Please note that you can run pivot_longer on the full dataframe. You just need to mention which columns need to be pivoted.
dog_weight <- dogs %>%
select(name, breed, weight_20, weight_21, weight_22, weight_23)
The code below uses the function pivot_longer() to reshape the columns weight_20, weight_21, weight_22, and weight_23 into a longer format.
The cols argument is used to specify the columns that we want to pivot, in this case, the columns “weight_20”, “weight_21”, “weight_22”, and “weight_23”. The names_to argument is used to specify the new column to create from the information stored in the column names of data specified by cols. The values_to argument is used to specify the new column for storing the data stored in cell values. The argument values_drop_na is set to TRUE, so any missing weight values in the columns are not added as extra rows.
longer_weight <- pivot_longer(dog_weight,
cols = c(weight_20, weight_21, weight_22, weight_23),
names_to = "year", #translated as: write name of the column to the column year
values_to = "weight", #write values of the columns to the column weight
values_drop_na = TRUE
)
#let us arrange the values to see which ones are under 5 kilo
head(arrange(longer_weight, weight), n=7)
## # A tibble: 7 × 4
## name breed year weight
## <chr> <chr> <chr> <dbl>
## 1 Harvey Chihuahua weight_22 1.34
## 2 Harvey Chihuahua weight_23 1.82
## 3 Emmett Yorkshire Terrier weight_23 3.21
## 4 Emmett Yorkshire Terrier weight_22 3.46
## 5 Sophronia Pug weight_22 6.2
## 6 Sophronia Pug weight_21 7.27
## 7 Sophronia Pug weight_20 7.54
# values that need to be changed
#Harvey: 1.34
#Harvey: 1.82
#Emmett: 3.21
#Emmett: 3.46
After creating the long dataframe “longer_weight”, we want to update the values in the weight column.

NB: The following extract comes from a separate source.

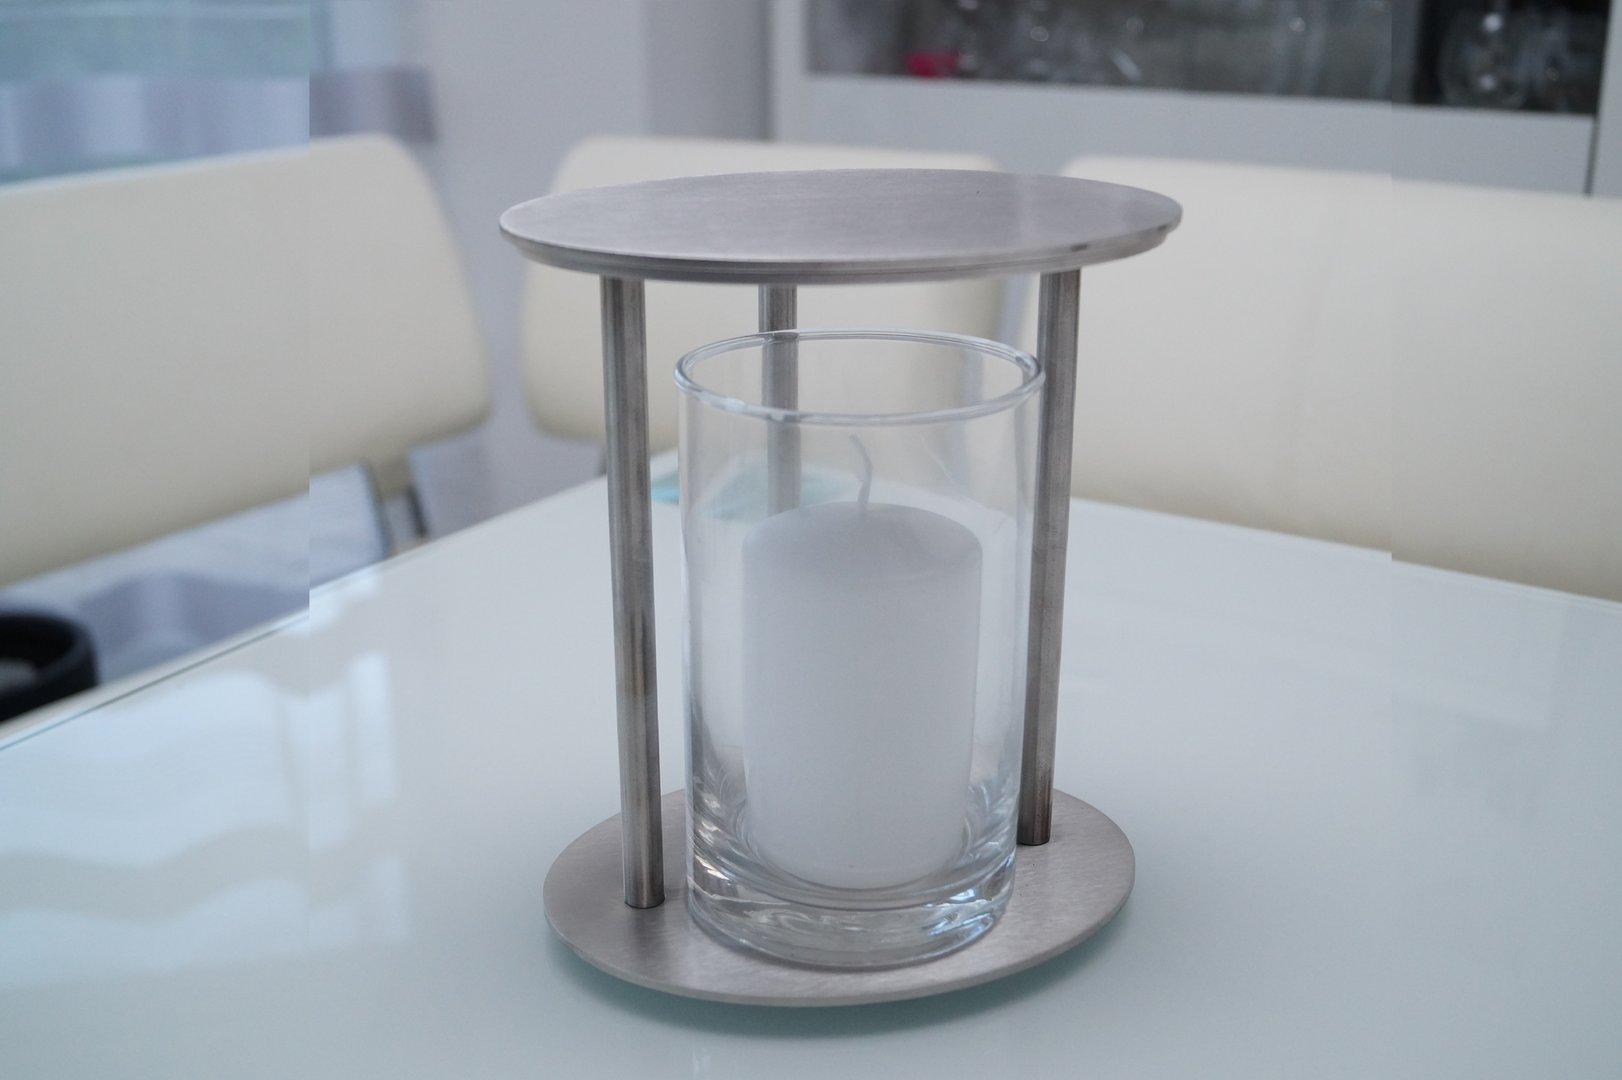 windlicht grablicht laterne rostfrei oval k s e shop. Black Bedroom Furniture Sets. Home Design Ideas

The code below updates the column weight in the data frame longer_weight by using the ifelse function.
The ifelse function checks each value in the weight column to see if it is less than 5.
If a value is less than 5, it is increased by 10% of its original value. This increase is calculated by multiplying the original value with 1.1. If a value is not less than 5, it remains unchanged. We then round the values to two decimal places.
longer_weight <- longer_weight %>%
mutate(weight = ifelse(weight < 5,
weight * 1.1,
weight)) %>%
mutate(weight = round(weight, digits = 2))
head(arrange(longer_weight, weight), n= 5)
## # A tibble: 5 × 4
## name breed year weight
## <chr> <chr> <chr> <dbl>
## 1 Harvey Chihuahua weight_22 1.47
## 2 Harvey Chihuahua weight_23 2
## 3 Emmett Yorkshire Terrier weight_23 3.53
## 4 Emmett Yorkshire Terrier weight_22 3.81
## 5 Sophronia Pug weight_22 6.2
Pivot_wider is the opposite of pivot_longer.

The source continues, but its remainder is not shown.